2 Underlying Strategies at Play
I. Bootstrapping and venture capital don’t have to be mutually exclusive.
The fallacy here is thinking that once a startup bootstraps, they have to bootstrap all the way.
Companies like Apple, Facebook, and Airbnb bootstrapped to sizable traction and then raised funding, not for survival but to accelerate growth.
A bootstrapper prioritizes customer funding (traction) above everything else.
Investors today prefer to fund traction rather than an idea or intellectual capital.
This brings us to:
II. Most (if not all) startups should start with bootstrapping.
The first reason is out of necessity:
While capital is more freely available today, the number of startups seeking capital has exploded.
Tens of millions of startups start every year, and only 0.05% of them receive VC funding. And you thought a 90% startup failure rate was bad.
The second reason is that traction makes fundraising a choice, not a necessity:
Traction makes recruiting co-founders, acquiring more customers, and securing investment (if needed) easier.
3 Actionable Tactics
I. Define your mission.
Every year, I meet dozens of startup founders with uninvestable ideas in accelerators, some of who have been through multiple accelerators.
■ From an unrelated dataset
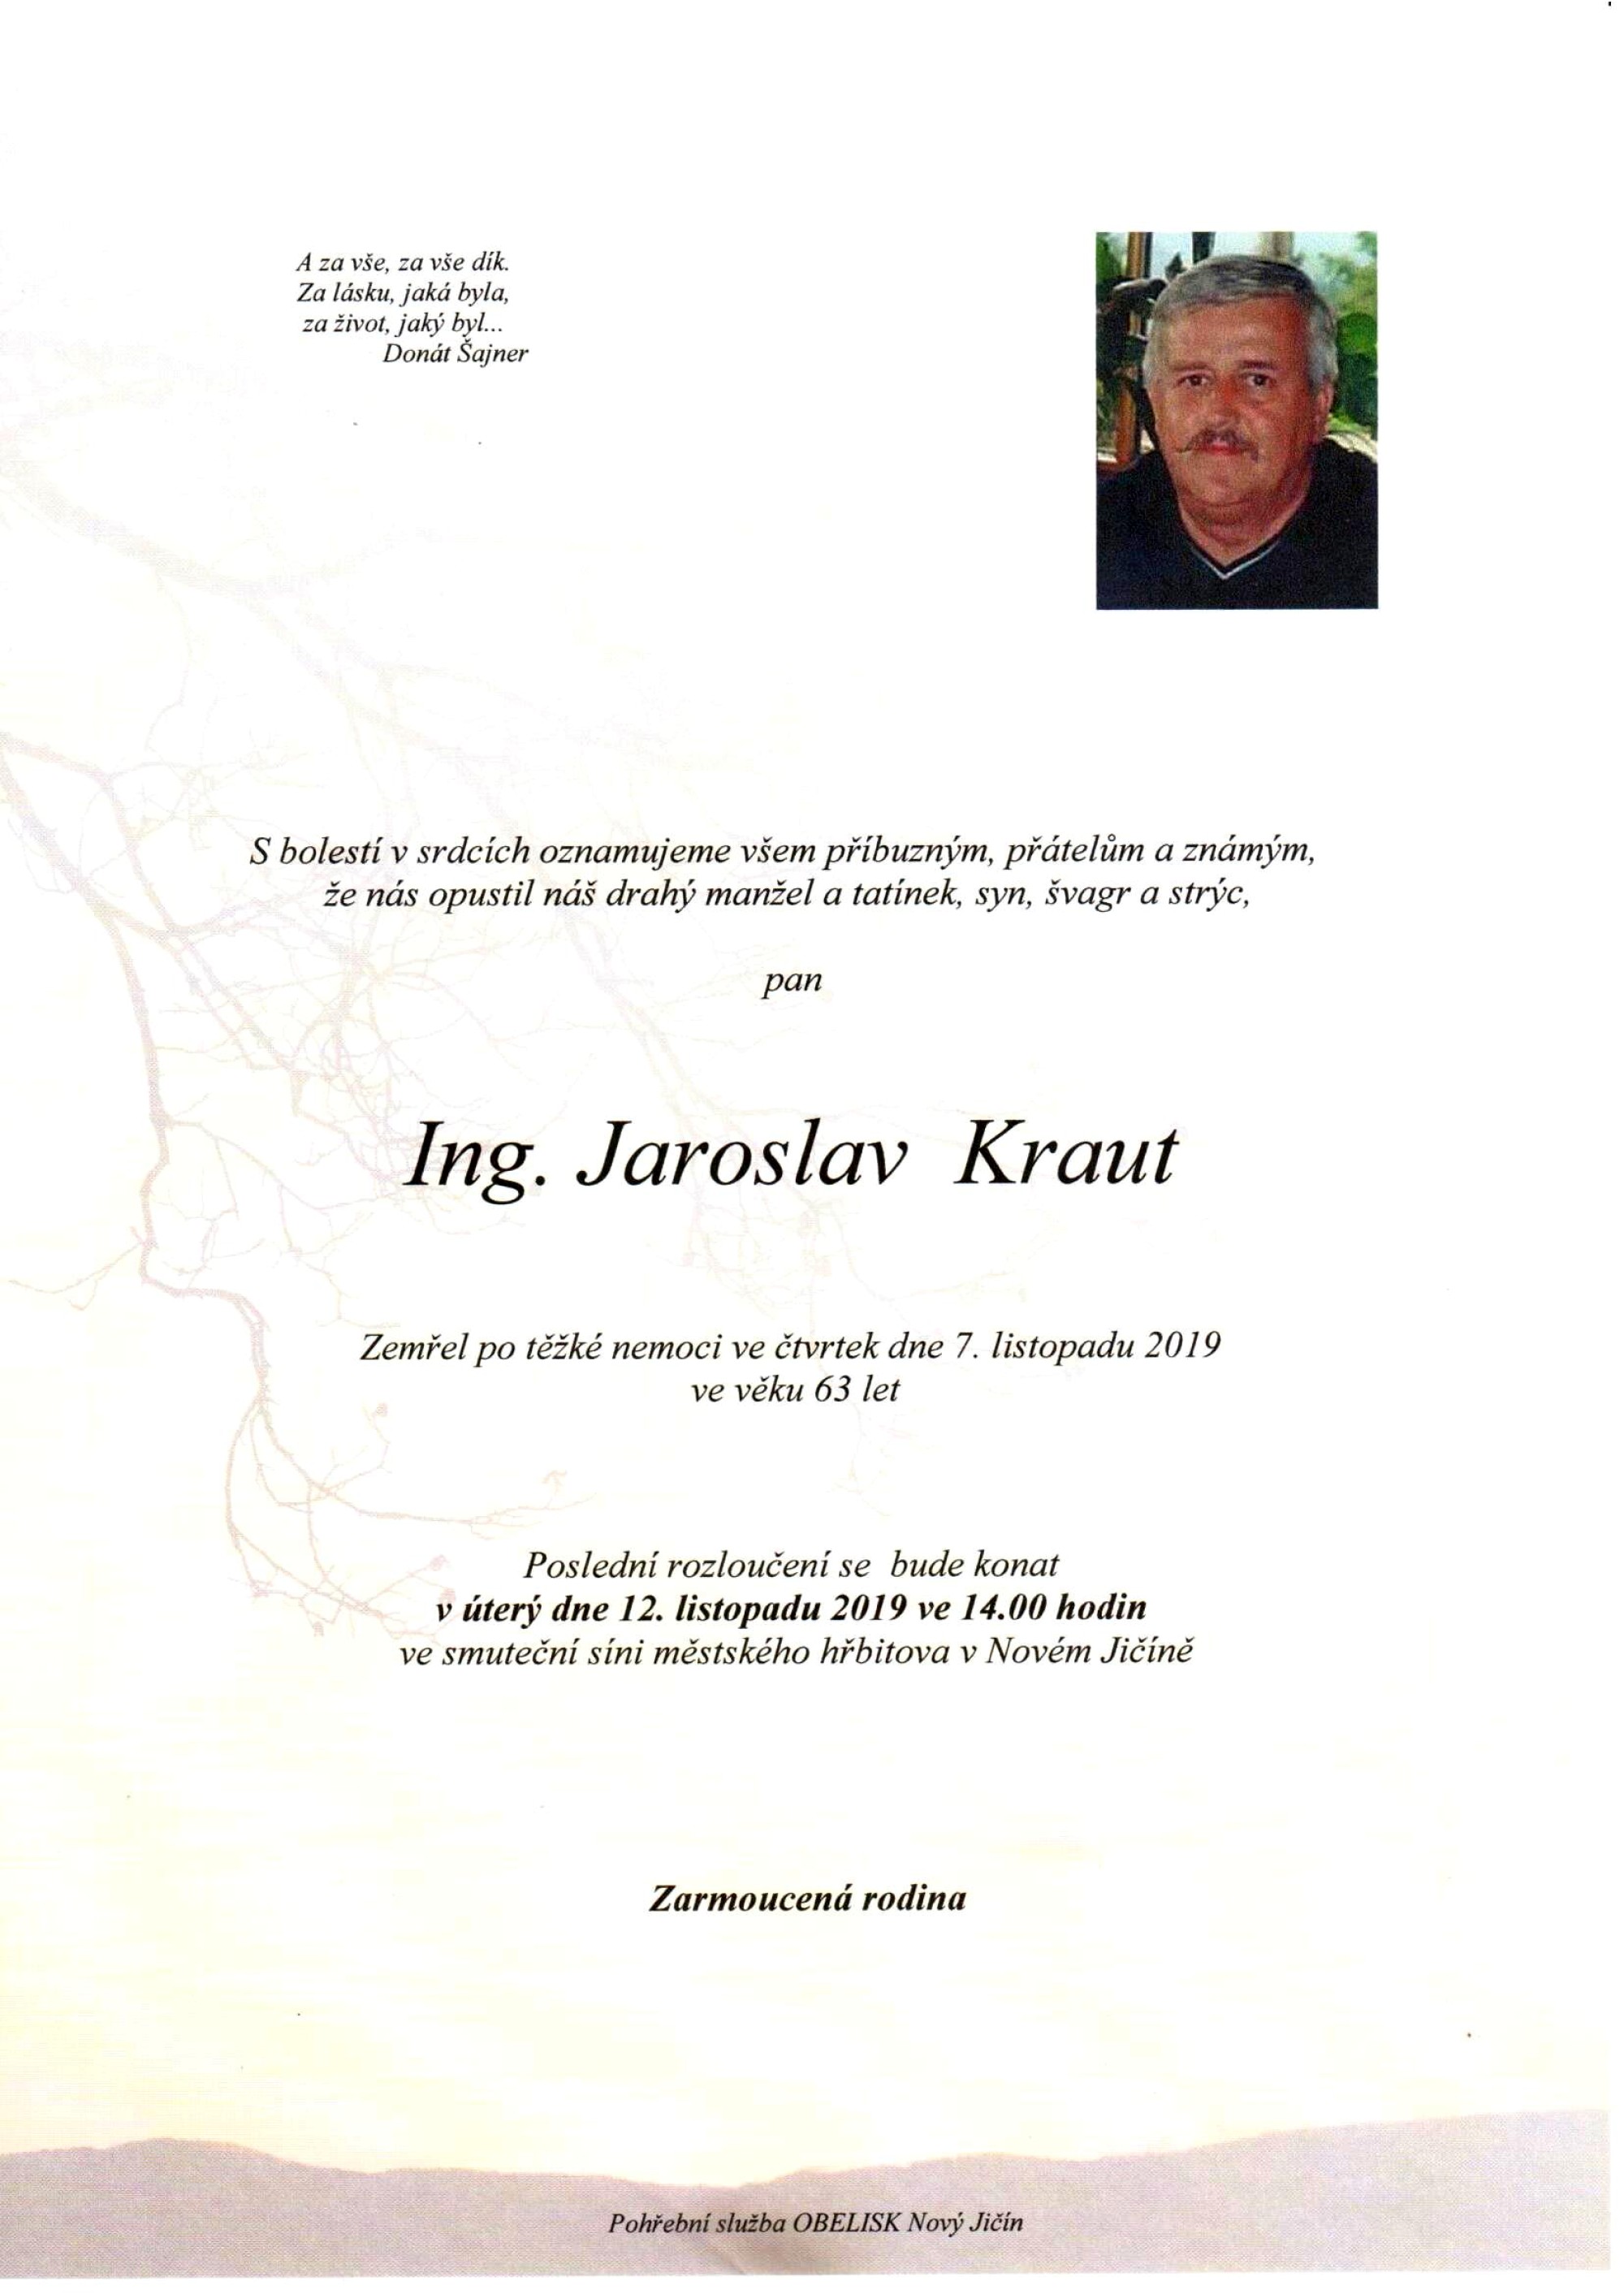 Ing. Jaroslav Kraut

Their problem isn’t getting into accelerators but getting out of them.
Joining an accelerator simply because everyone else is doing it is the wrong reason.
Start by getting clear on your mission. There isn’t one way to win at the startup games, and you should start by defining which game you want to play.
II. Validate demand.
Prioritize traction or validating demand above everything else. Use a demo-sell-build approach to sell before you build. Use that to fund product development or secure seed funding.
III. Choose your adventure deliberately.
Don’t automatically assume you’ll need funding because you’re building a capital-intensive business.
Both Apple and Dell bootstrapped at the start. Both are capital-intensive businesses. Apple raised funding a year later. Dell bootstrapped all the way to IPO.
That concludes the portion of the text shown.